В комнате у нее сидел Щагов.

Федя резко шагнул назад. Не от страха, но от ощущения какой-то подлой ловушки. И где! У себя дома!.. Но не бежать же! Он прислонился к дверному косяку. Разбежалось по коже нервное жжение — словно не трое суток назад, а только что вырвался через крапивные джунгли из подземного хода… И метнул Федя на Ксению беспощадный взгляд. Вот, значит, как! Уже и родной сестре нельзя верить!
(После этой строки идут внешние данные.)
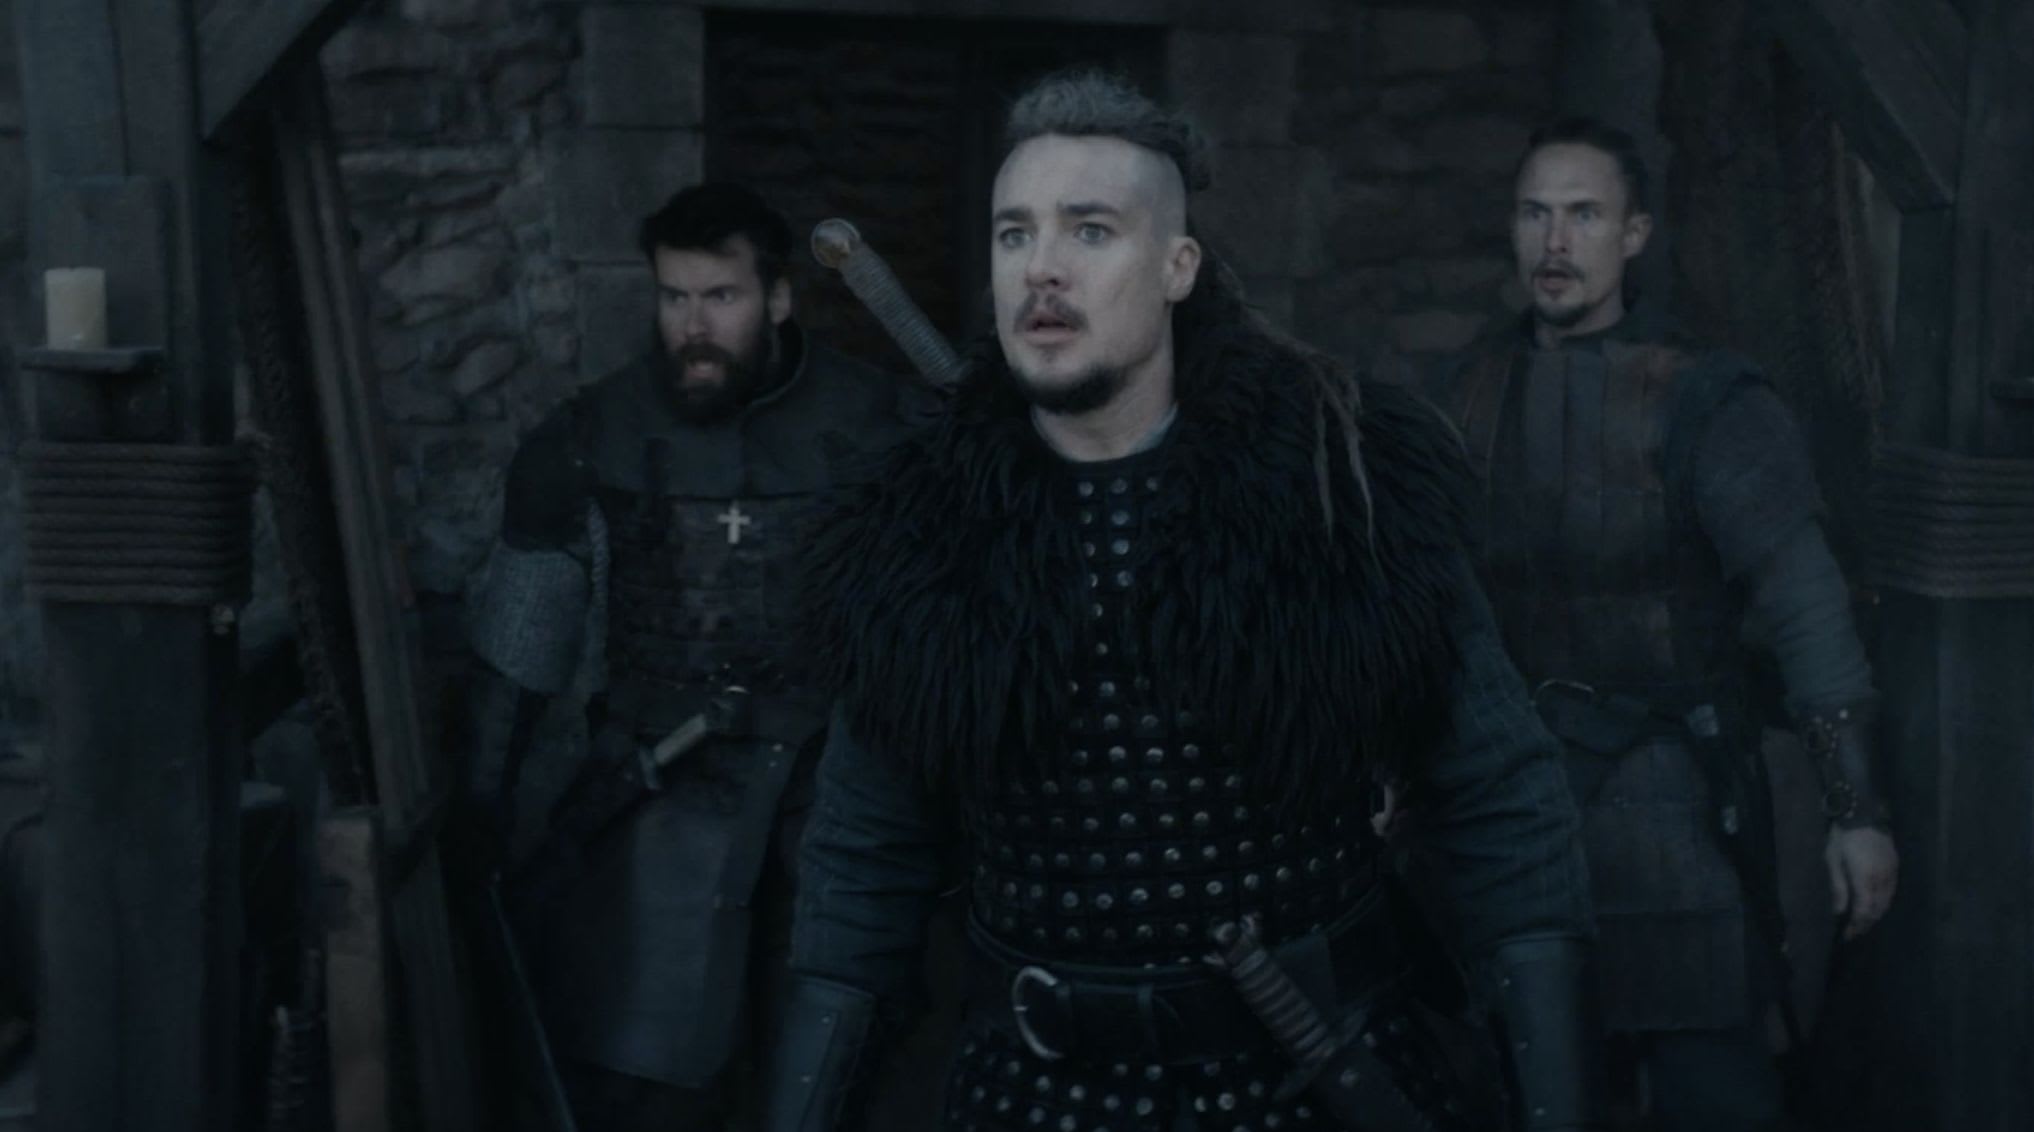 Seven Kings Must Die is a muddled epilogue to The Last Kingdom

Заманила, как суслика в силок… И правда, как в песне:

Жгла крапива у старых заборов,
Жгли предательством те, кому верили… 

На кого променяла брата! На дембиля паршивого!..

Впрочем, Щагов не был похож на дембиля. Красивый, даже изящный, в отглаженном светлом костюме, небрежно сидел он на стуле. Откинулся к спинке, одна рука на полированном столике — барабанит худыми пальцами. (Как эти пальцы хватали и стискивали Федю!)

Федя вдруг понял, на кого Щагов похож! На одного репортера с ТВ, который очень любит резать "правду-матку", ругать демократов, рассказывать, как в него стреляли всякие боевики, и сниматься в обнимку со спецназовцами в разных "горячих точках"… Лихие парни, храбрые парни. Береты набекрень и мужественные профили…

Нет, обида обидой, а надо держаться. Нельзя, чтобы сырость из глаз. Федя мигнул и сипло сказал Ксении:

— Значит, ты меня ради э т о г о позвала?